Bioavailability & Bioequivalence Studies
Full service solutions for generic or innovative study drugs.We routinely design and perform a variety of different BA/BE study designs to support our clients’ clinical development. These include:
- Formal bioequivalence assessment for generic products
- Formulation development and comparison between dosage forms
- Drug-Drug Interactions
As an independent bioanalysis laboratory, the analysis of samples generated through the various stages of your programme can be undertaken without having to transfer your assays when you switch clinical providers. This retains the knowledge base, proving more cost efficient over time and mitigates risk from your process.
A significant proportion of the bioanalytical laboratory services experience has been with new chemical entities and this is reflected in the adaptability of the team. Methods are either developed or cross validated from pre-clinical methods and subsequently validated to FDA and EMA regulatory guidelines for the conduct of bioanalytical validations. We also have experience in transferring methodologies from other laboratories.
Our dedicated scientists with 100+ years of combined experience in the bioanalytical and method development fields will ensure that a robust, reproducible and specific method is in place to achieve:
- Extremely low LLOQ
- Ability to use low sample volume
- Large dynamic ranges
- Analysis of multiple metabolites
- Analysis from various matrices (plasma, serum, CSF, blood, urine, etc.)

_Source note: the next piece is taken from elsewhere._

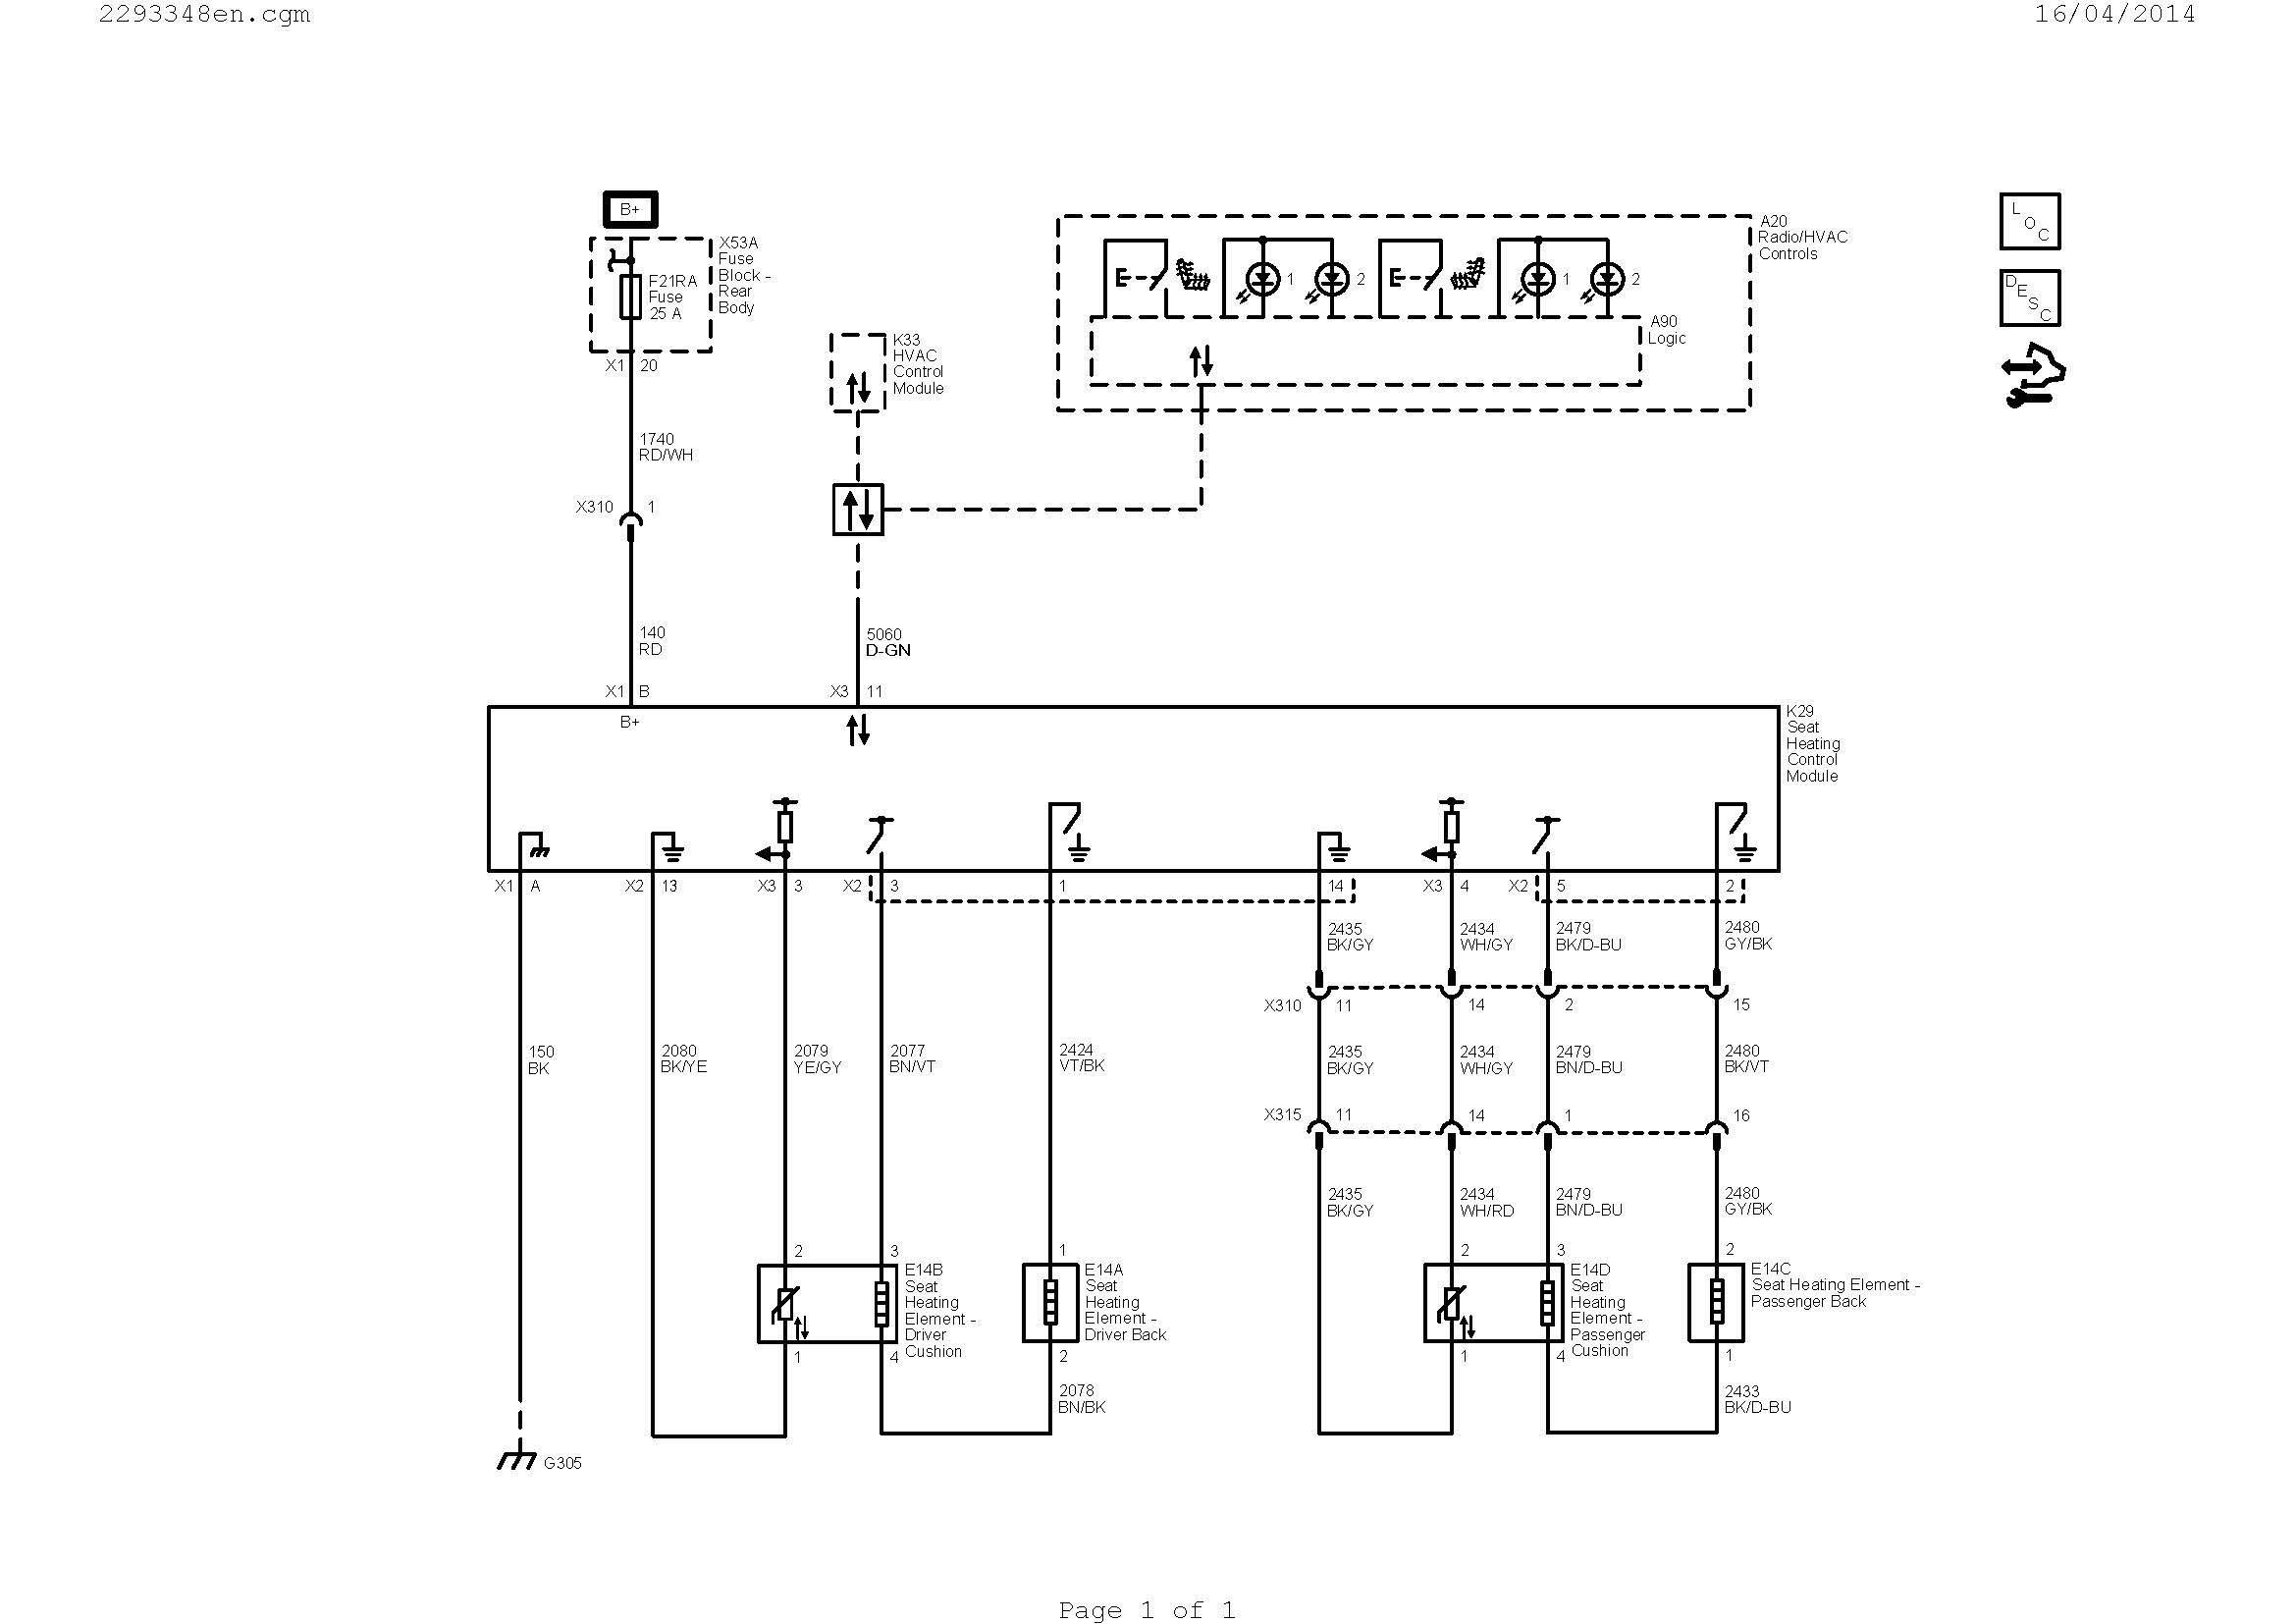 car alarm installation wiring diagram Collection-Car sound Wiring Diagram Vr3 Car Stereo Wiring Diagram Best Mechanical Engineering Diagrams Hvac Diagram 8-n

- Quick method development for high throughput assays using strict criteria
- Rapid method transfers or optimisation
- Overcome challenges such as stability issues and matrix effects
- Methods free of interference from metabolites
Consideration to adaptive protocols is also undertaken during the validation process:
- Batch size maximised to allow for increase in sample numbers in a profile.
- If required, additional validation is performed during the study to extend calibration range, if majority of samples on higher doses give concentrations that fall outside of the already validated calibration range of the method.
Gamma scintigraphy is a safe non-invasive method for determining the biodistribution of drug delivery systems under physiological conditions, providing valuable data earlier on in the drug development process. In partnership with Cardiff Scintigraphics Limited, this method is routinely employed using our on-site gamma camera to successfully evaluate deposition, residence, clearance and dispersion of pharmaceutical dosage forms under physiological conditions.
Depending upon the study objectives, protocols may include whole body and regional imaging using planar scintigraphy, or SPECT techniques. The scintigraphic analysis can also be complimented with expertise in pharmacokinetic and pharmacodynamic evaluations, drug assay development and bioanalysis.
The successful application of scintigraphy is dependent on direct or indirect labelling of a component of the dosage form with a suitable gamma-emitting radioisotope such as Technetium-99m or Indium-111.
In the respiratory tract, the performance of delivery systems is assessed by evaluation deposition and residence in the oropharyngeal and central and peripheral regions of the lung. Furthermore, physiological functions such as mucociliary clearance may be studied using this technique.
Gamma scintigraphy is also routinely used to characterise drug delivery from oral dosage forms, factors such as gastric residence/emptying, gastrointestinal transit and the site of disintegration/dispersion can be determined.